Remove a word. This ignores flags and just strips words that match.

await hunspell.suggest('color') // null (correct)
await hunspell.remove('color')
await hunspell.suggest('color') // ['colon', 'dolor', ...]

hunspell.removeSync(word: string): void

Synchronous version of remove().

hunspell.stem(word: string): Promise<string[]>

Get the stems (root forms) of a word. This is useful for e.g. search indexing. The result will include the input word if that's also a valid stem (like running) and it may return multiple stems if the word has multiple meanings (leaves).

await hunspell.stem('mice') // ['mouse']
await hunspell.stem('running') // ['running', 'run']
await hunspell.stem('quickly') // ['quick']
await hunspell.stem('leaves') // ['leave', 'leaf']
await hunspell.stem('abc123') // []

hunspell.stemSync(word: string): string[]

Synchronous version of stem().

hunspell.analyze(word: string): Promise<string[]>

Yields a morphological analysis of a word. Consult upstream documentation for details on the notation.

// E.g. [' st:telling ts:0', ' st:tell ts:0 al:told is:Vg']
await hunspell.analyze('telling') 

hunspell.analyzeSync(word: string): string[]

Synchronous version of analyze().

hunspell.generate(word: string, word2: string): Promise<string[]>

Generates a variation of a word by matching the morphological structure of the second word.

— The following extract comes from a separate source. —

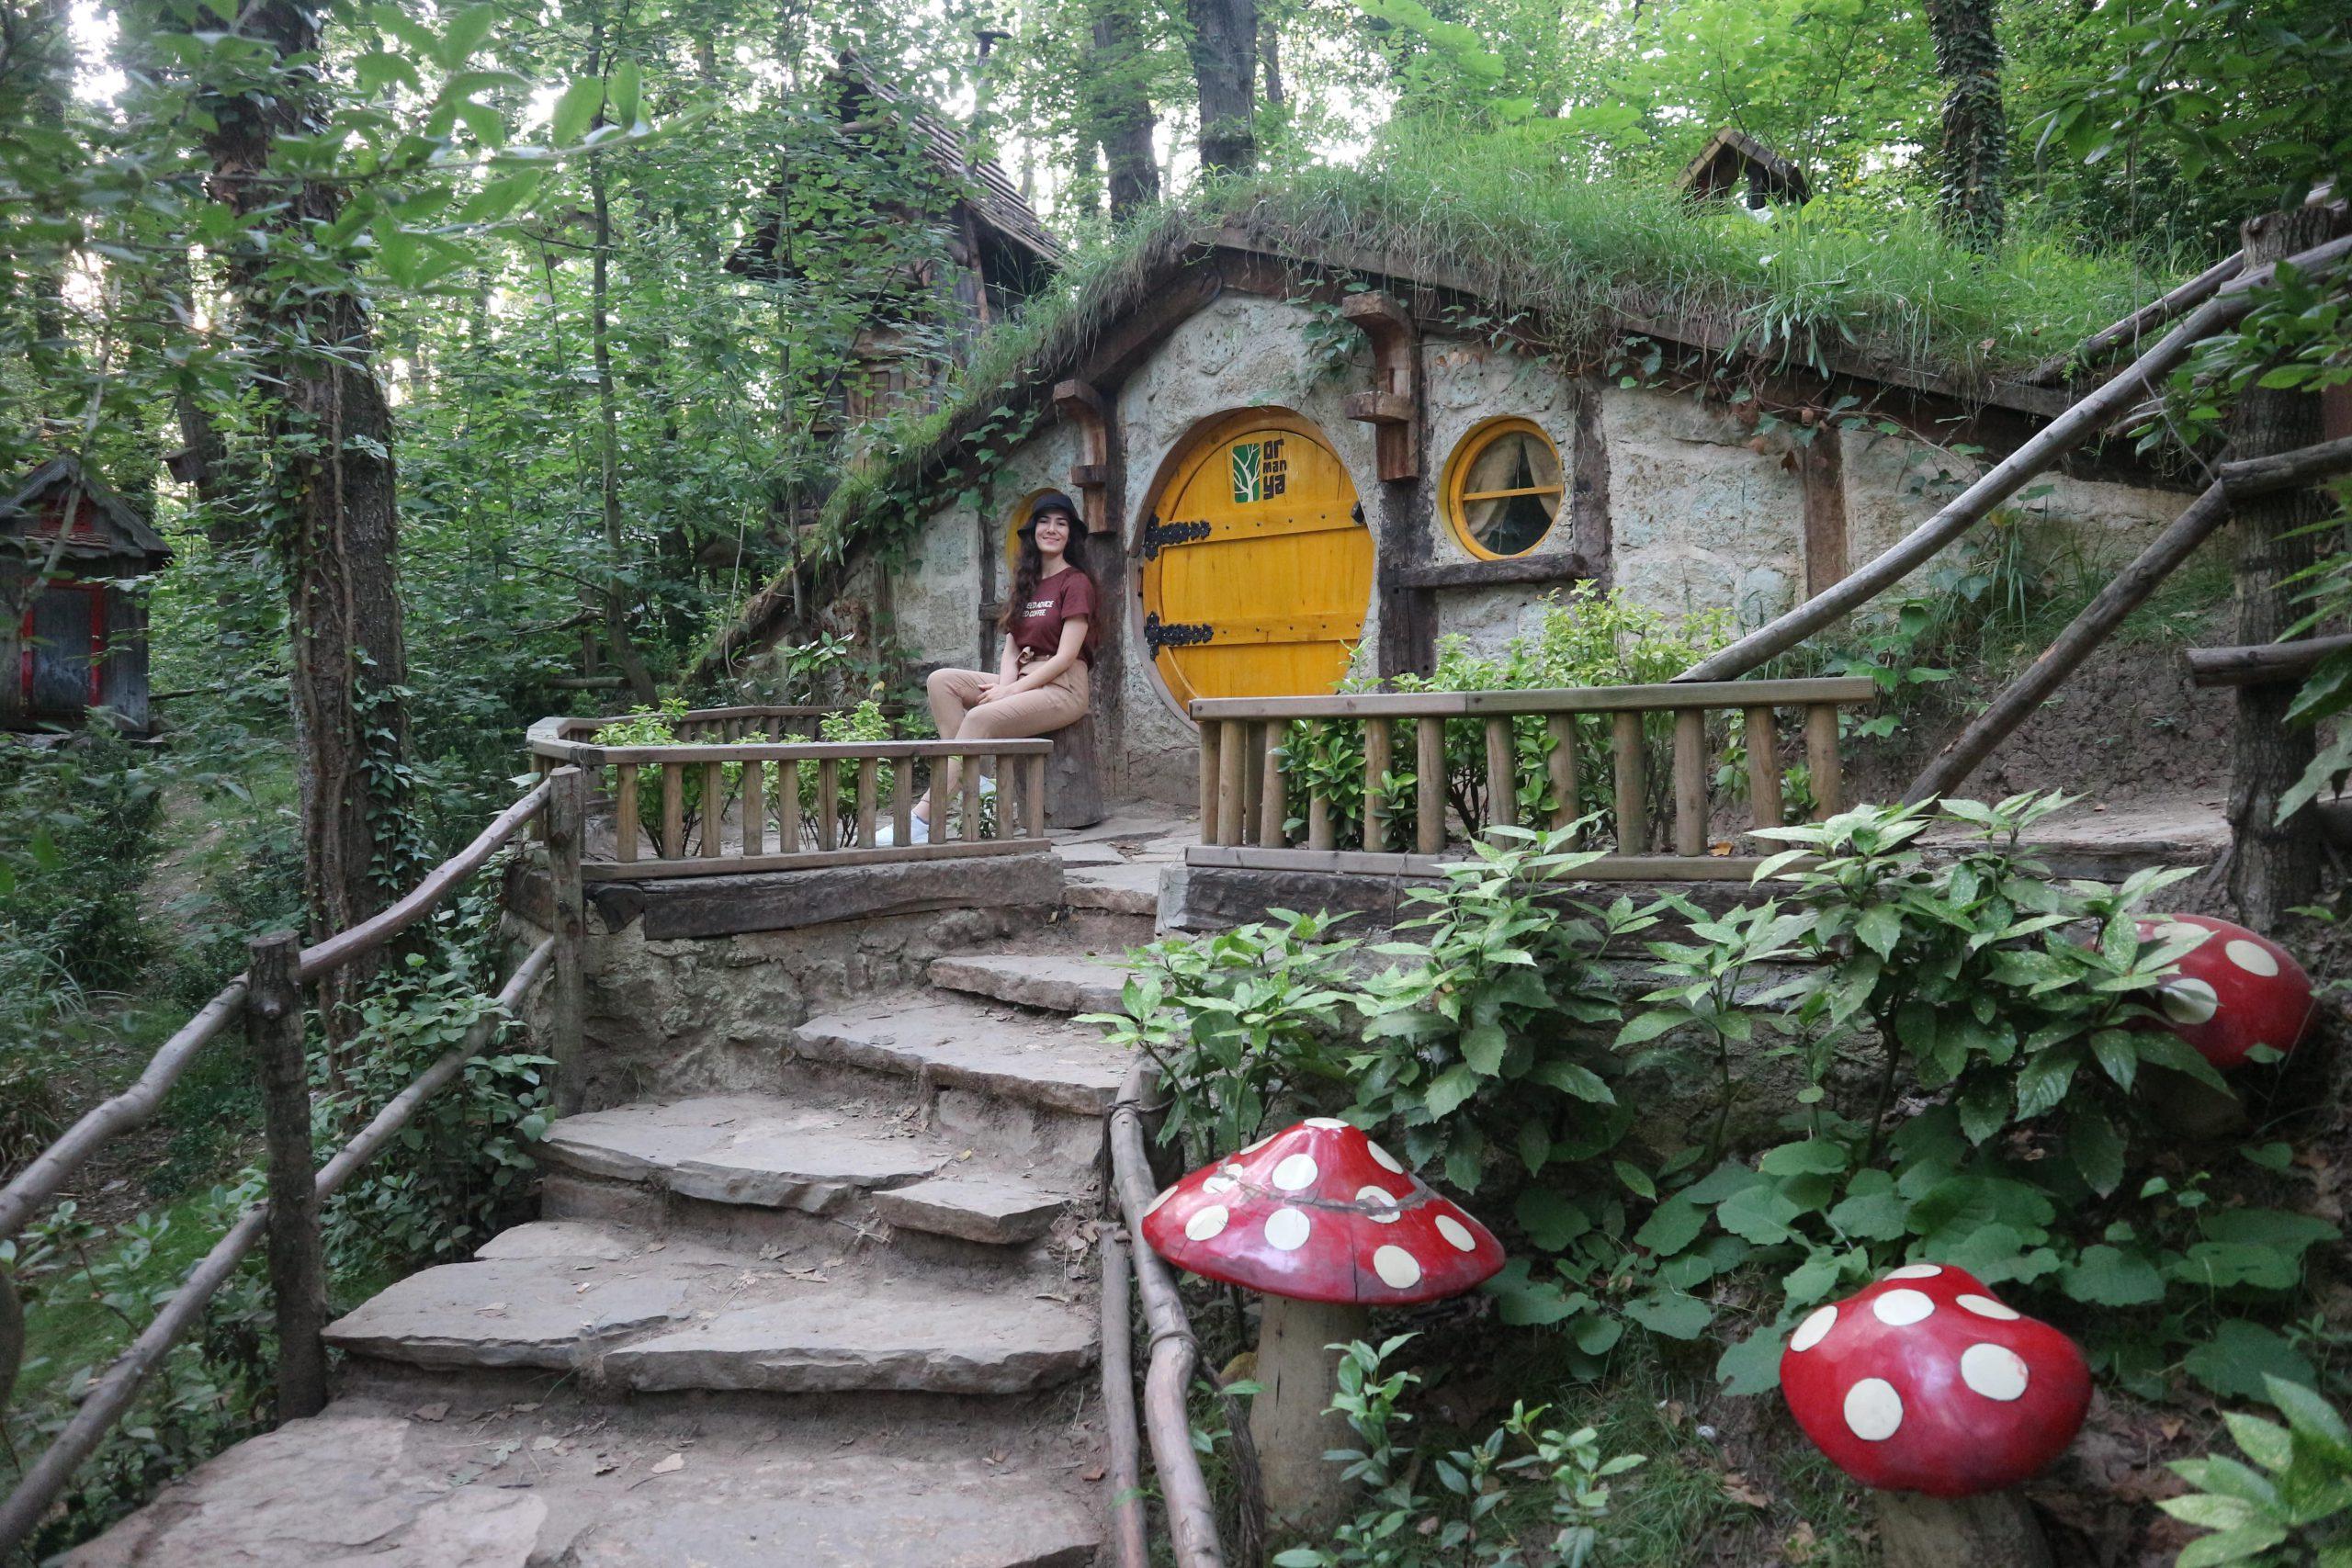 Ormanya Doğal Yaşam Parkı – Kocaeli Gezi Rehberi

await hunspell.generate('telling', 'ran') // ['told']
await hunspell.generate('told', 'run') // ['tell']

hunspell.generateSync(word: string): string[]

Synchronous version of generate().

hunspell.getWordCharacters(): string | undefined

Get the characters that are considered valid within words. Useful for tokenization. Returns undefined if the affix file lacks this information (WORDCHARS).

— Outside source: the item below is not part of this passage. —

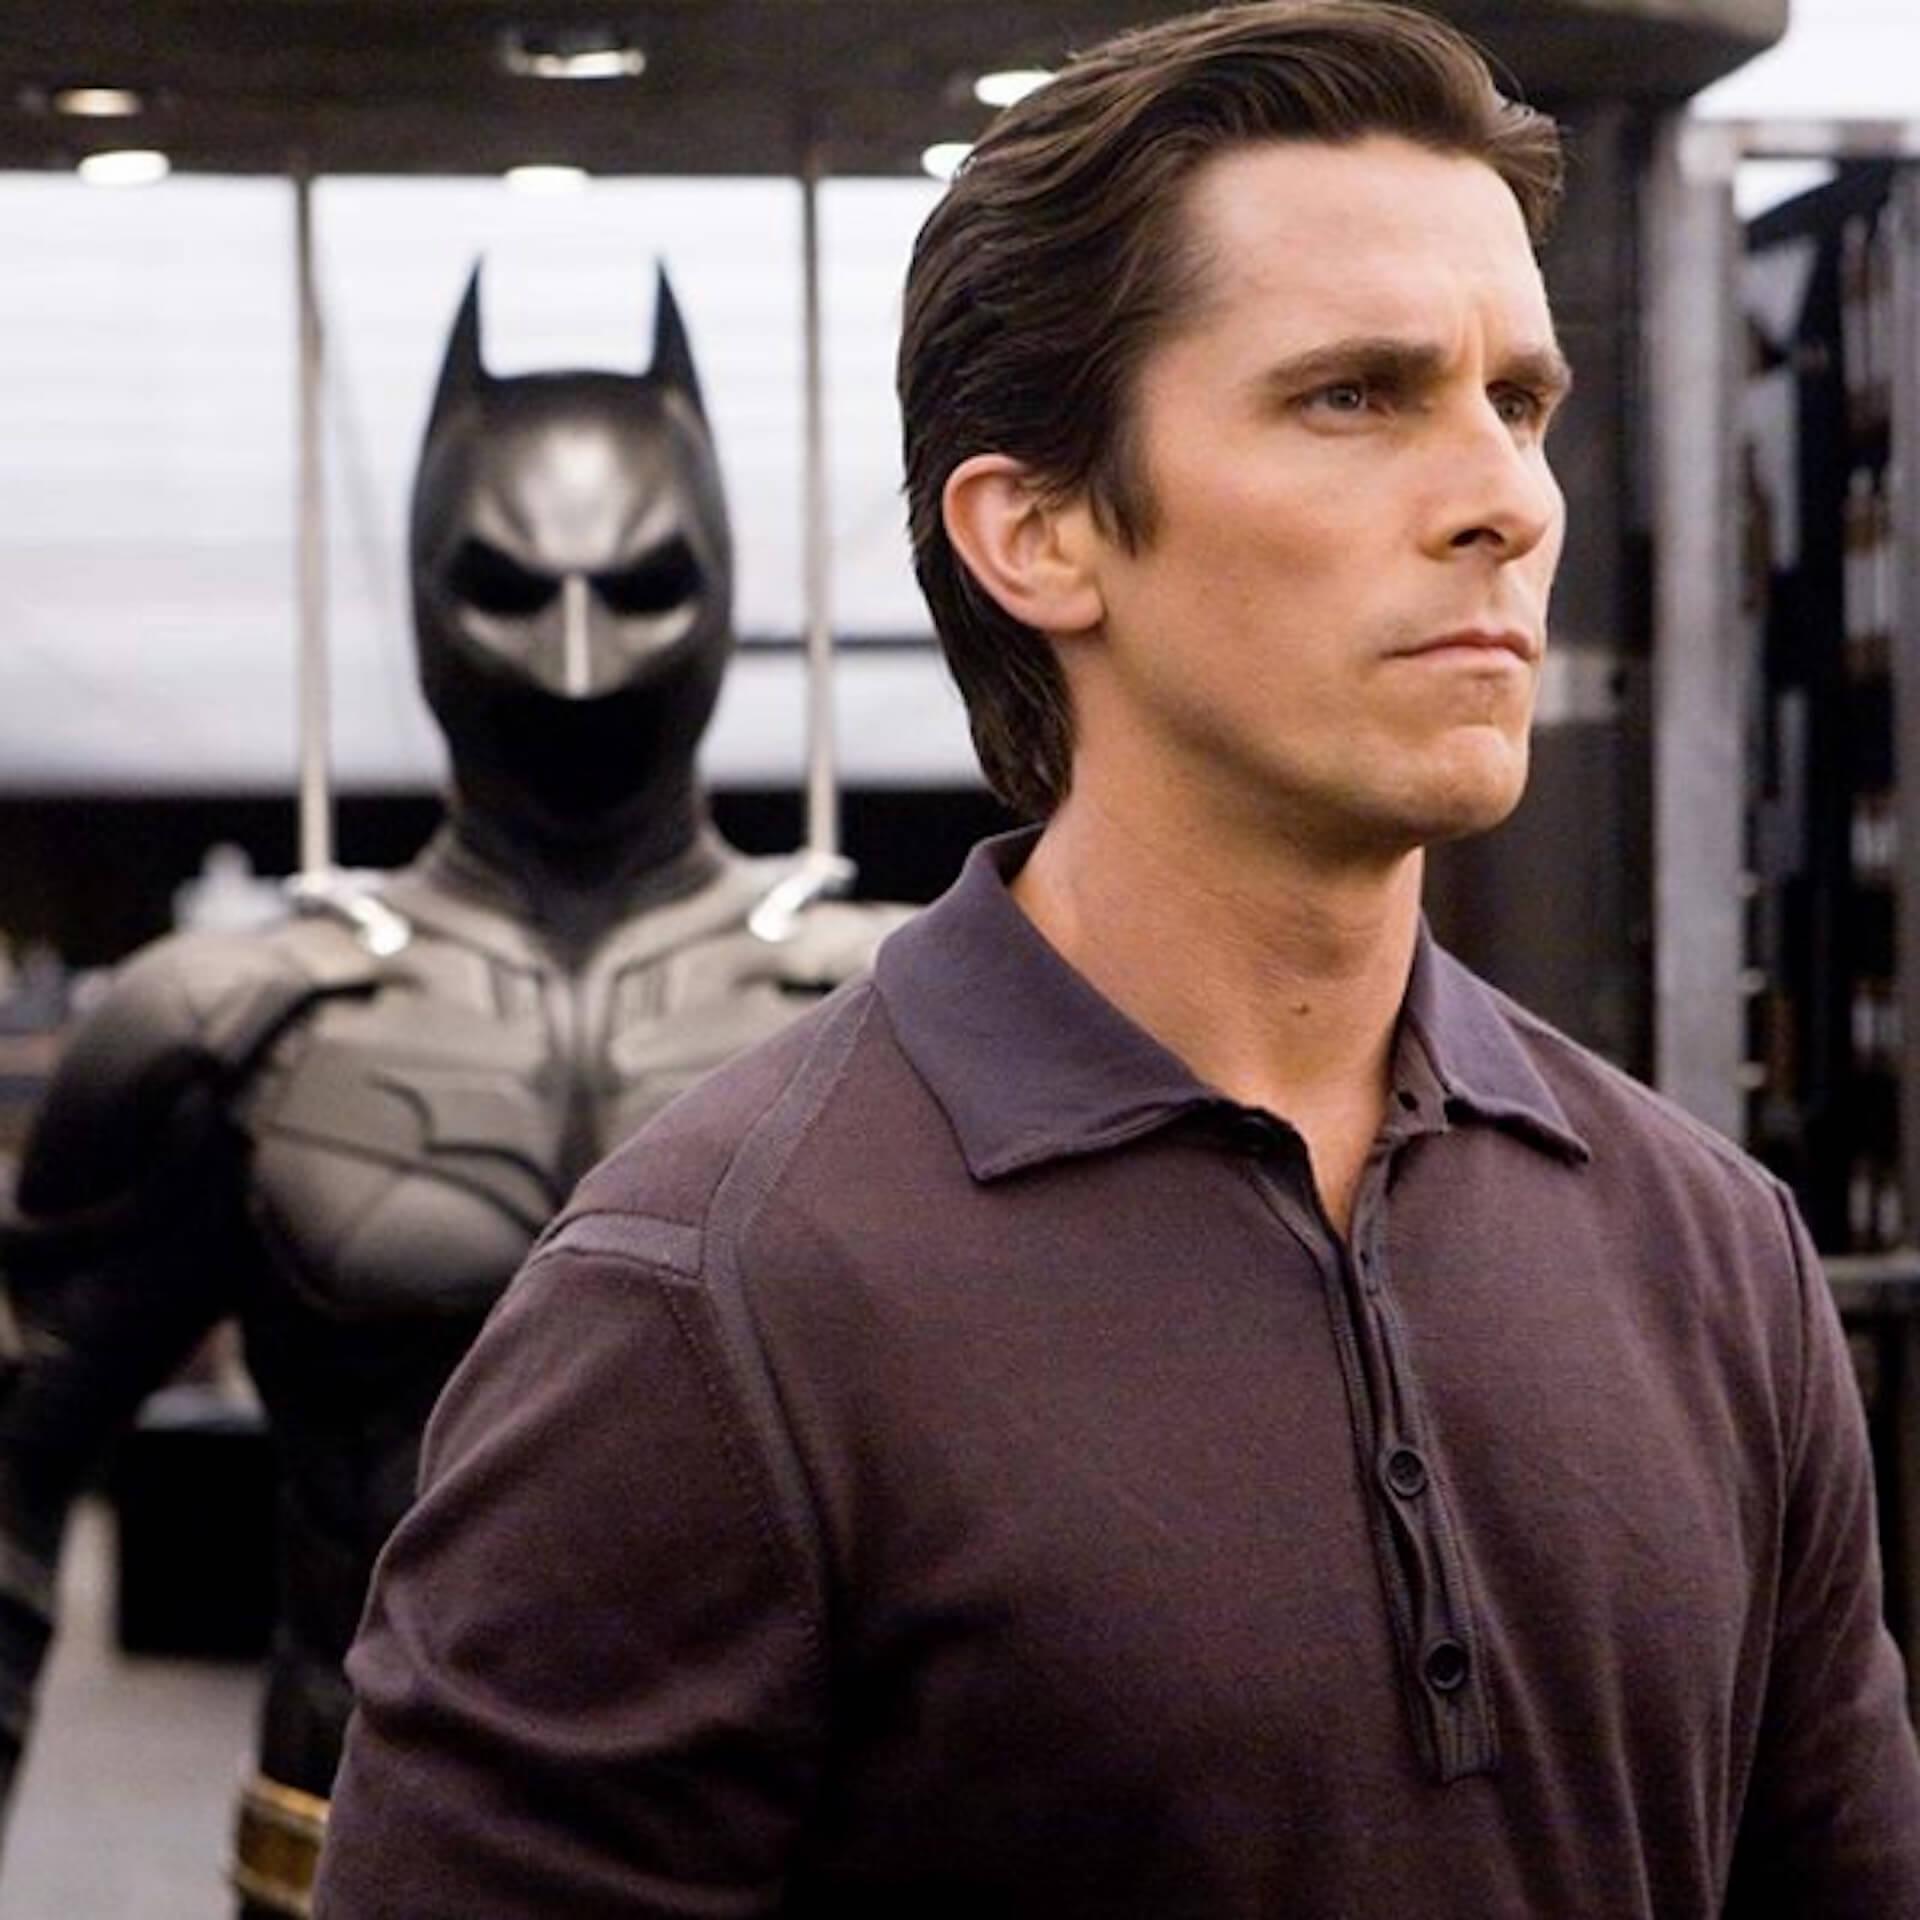 『マイティ・ソー』続編に「ダークナイト」シリーズのバットマン役クリスチャン・ベールが悪役として登場か? film200206_thor_batman_main

hunspell.getWordCharacters() // 0123456789'.-’

Development

Getting Started

This repository uses git submodules. Clone it recursively:

git clone --recurse-submodules https://github.com/vweevers/hunspell-native.git

Alternatively, initialize submodules inside the working tree:

cd hunspell-native
git submodule update --init --recursive

Building

Build the native addon with npm run rebuild, or with npm install if you didn't already install dependencies.

Note: the build process applies a patch to the hunspell submodule to replace dynamic_cast with static_cast, removing the need for RTTI. If compiling succeeds, the patch is reverted, keeping the submodule clean.